**ENTRIES SHOWN**

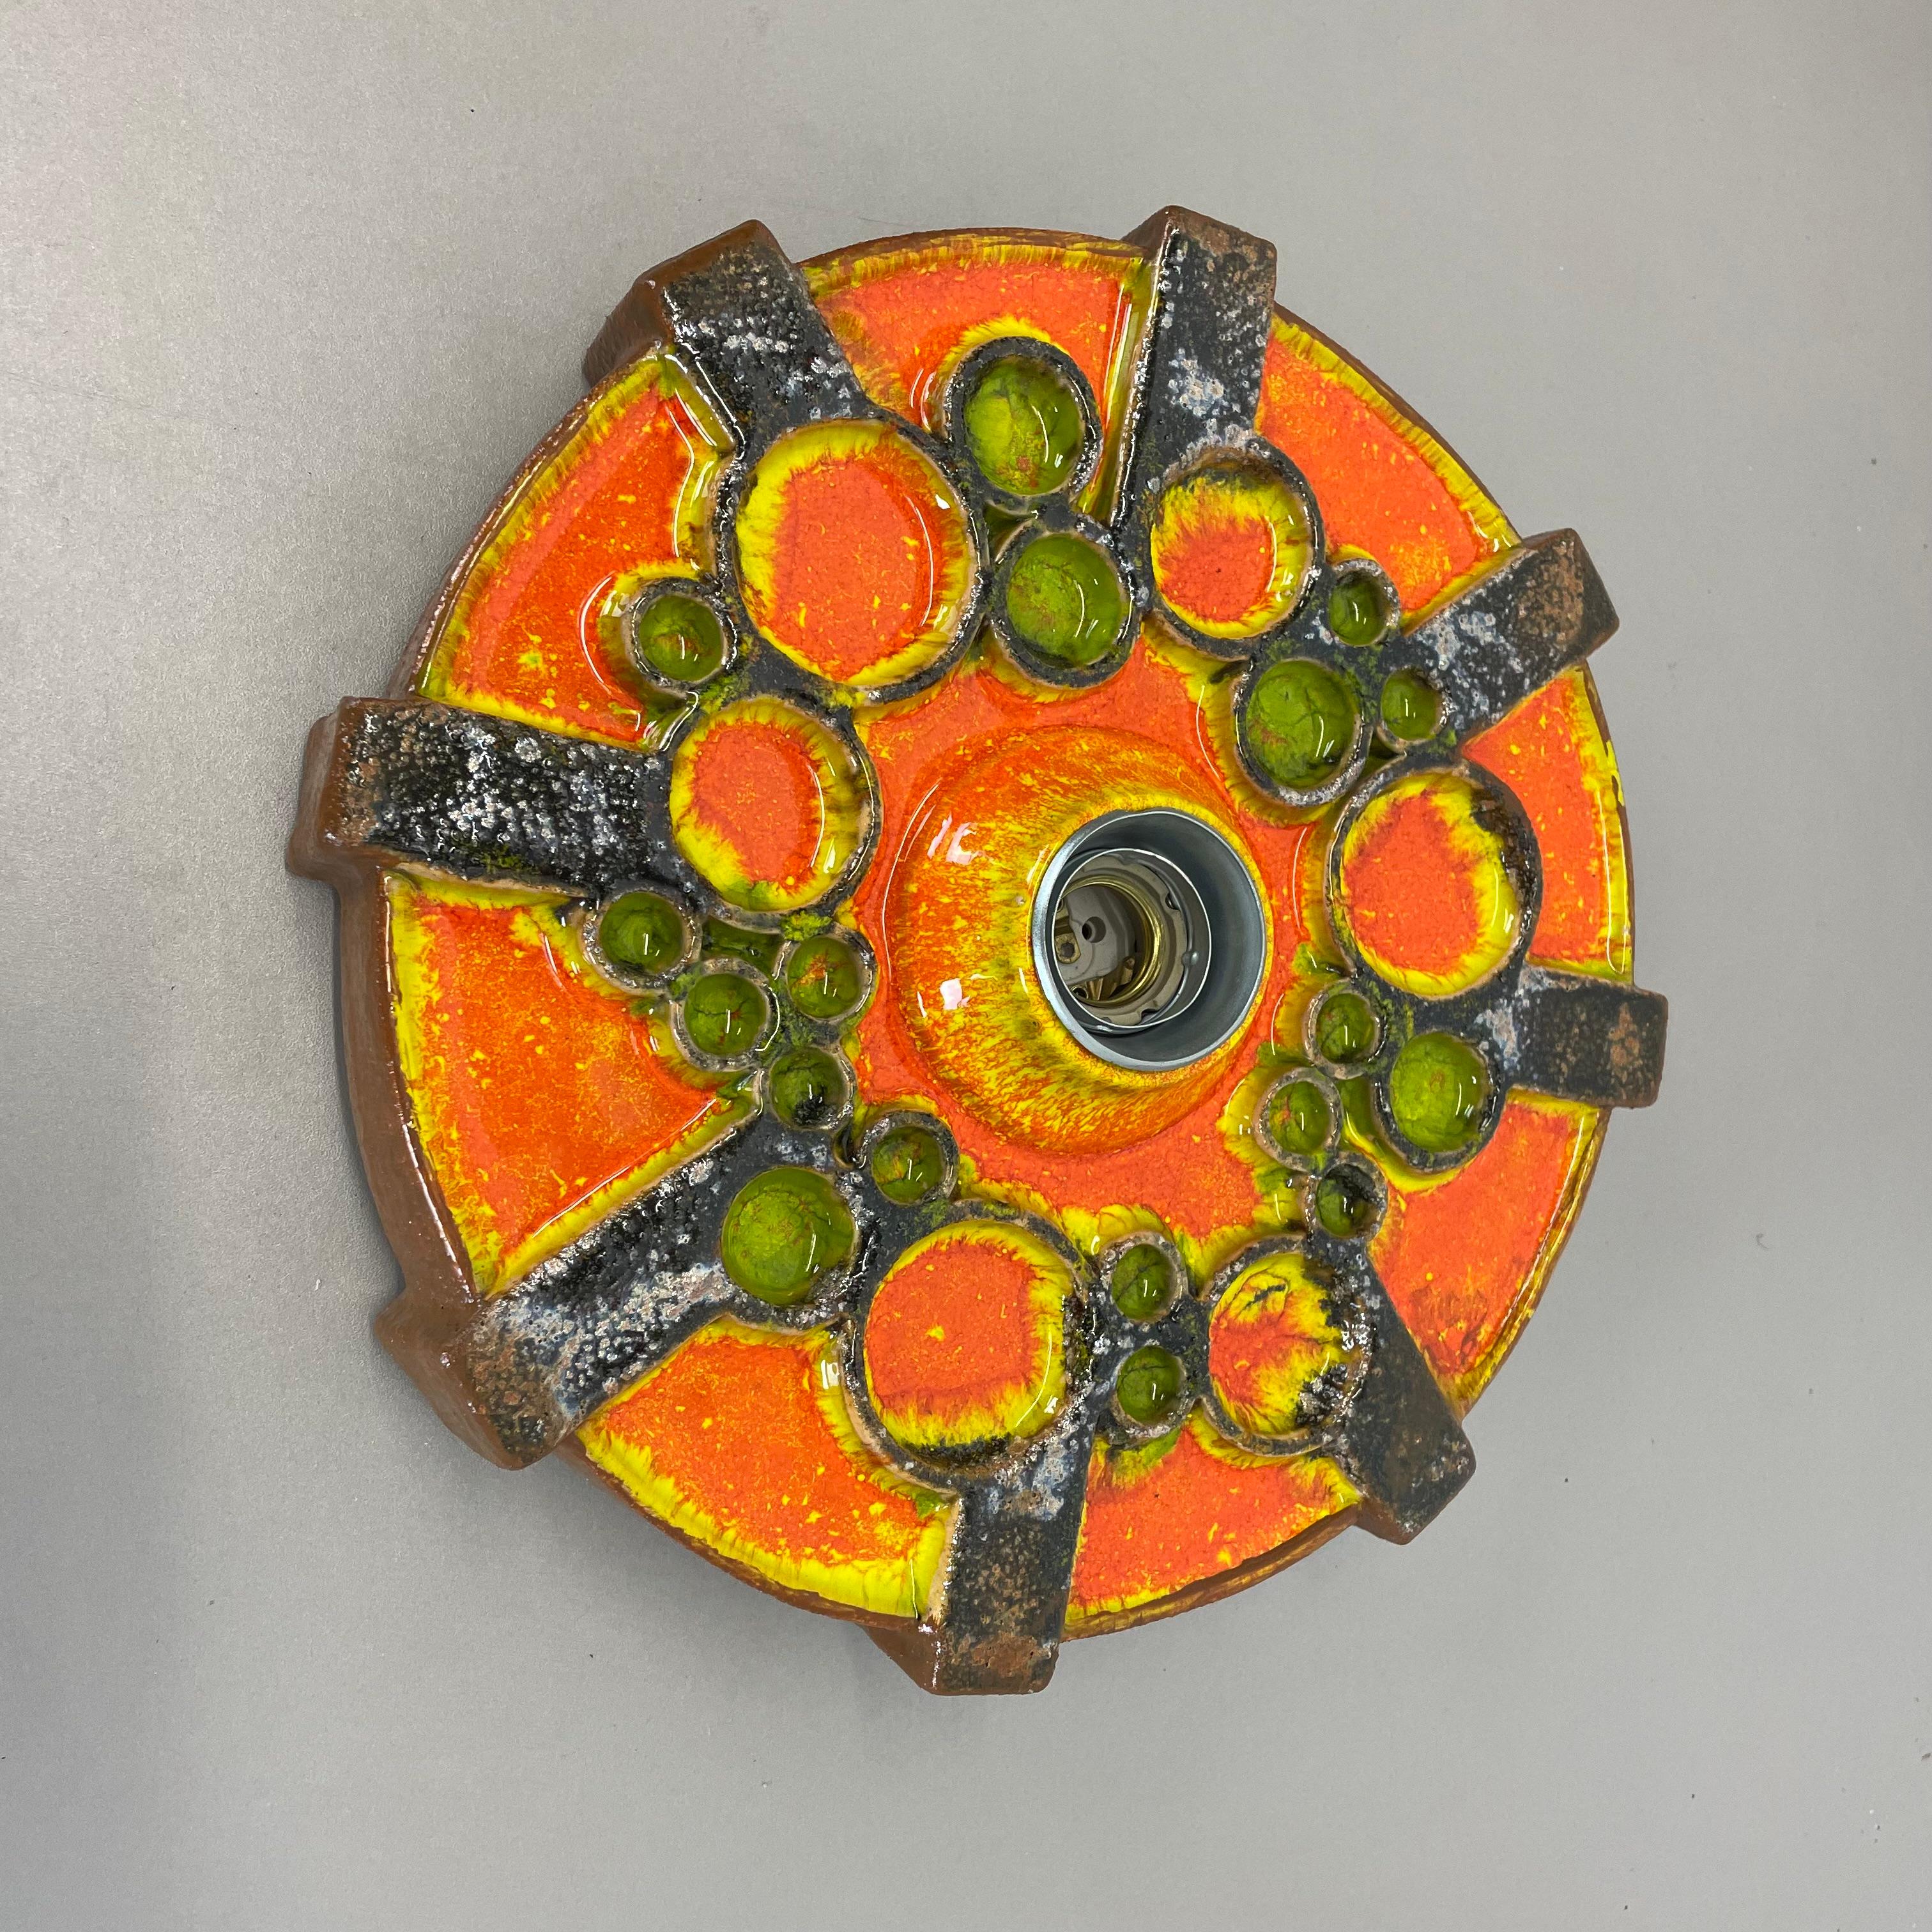 Article:

Wall light sconce


Origin:

Germany.



Age:

1970s.



Description:

Original 1970s modernist German wall light made of ceramic in fat lava optic. This super rare light was produced in the 1970s in a very colorful POP ART design with a
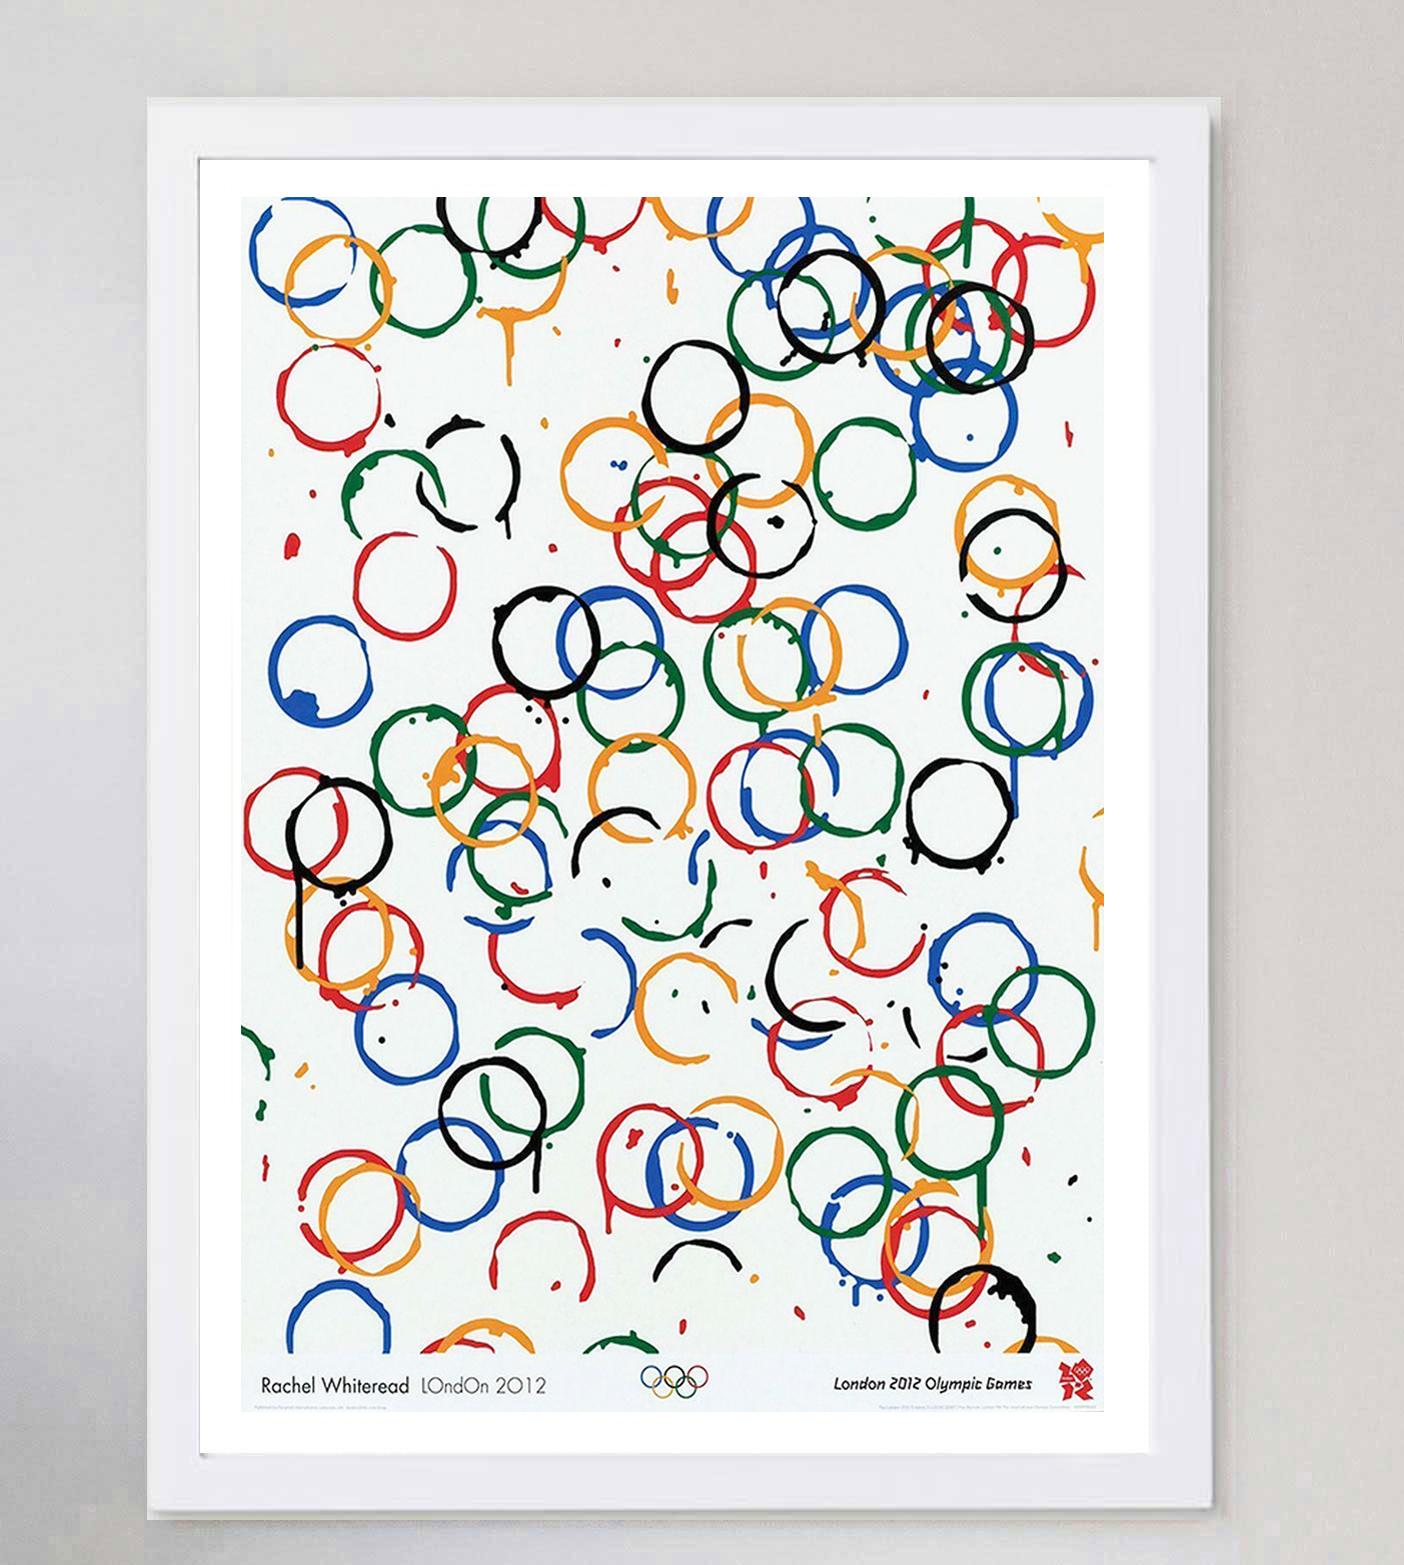 English 2012 London Olympic Games - Rachel Whiteread Original Vintage Poster For Sale

**EXERCISE REQUIREMENTS**
Each line above that has the word "light" must be copied.

**REPLY**
Wall light sconce
Original 1970s modernist German wall light made of ceramic in fat lava optic. This super rare light was produced in the 1970s in a very colorful POP ART design with a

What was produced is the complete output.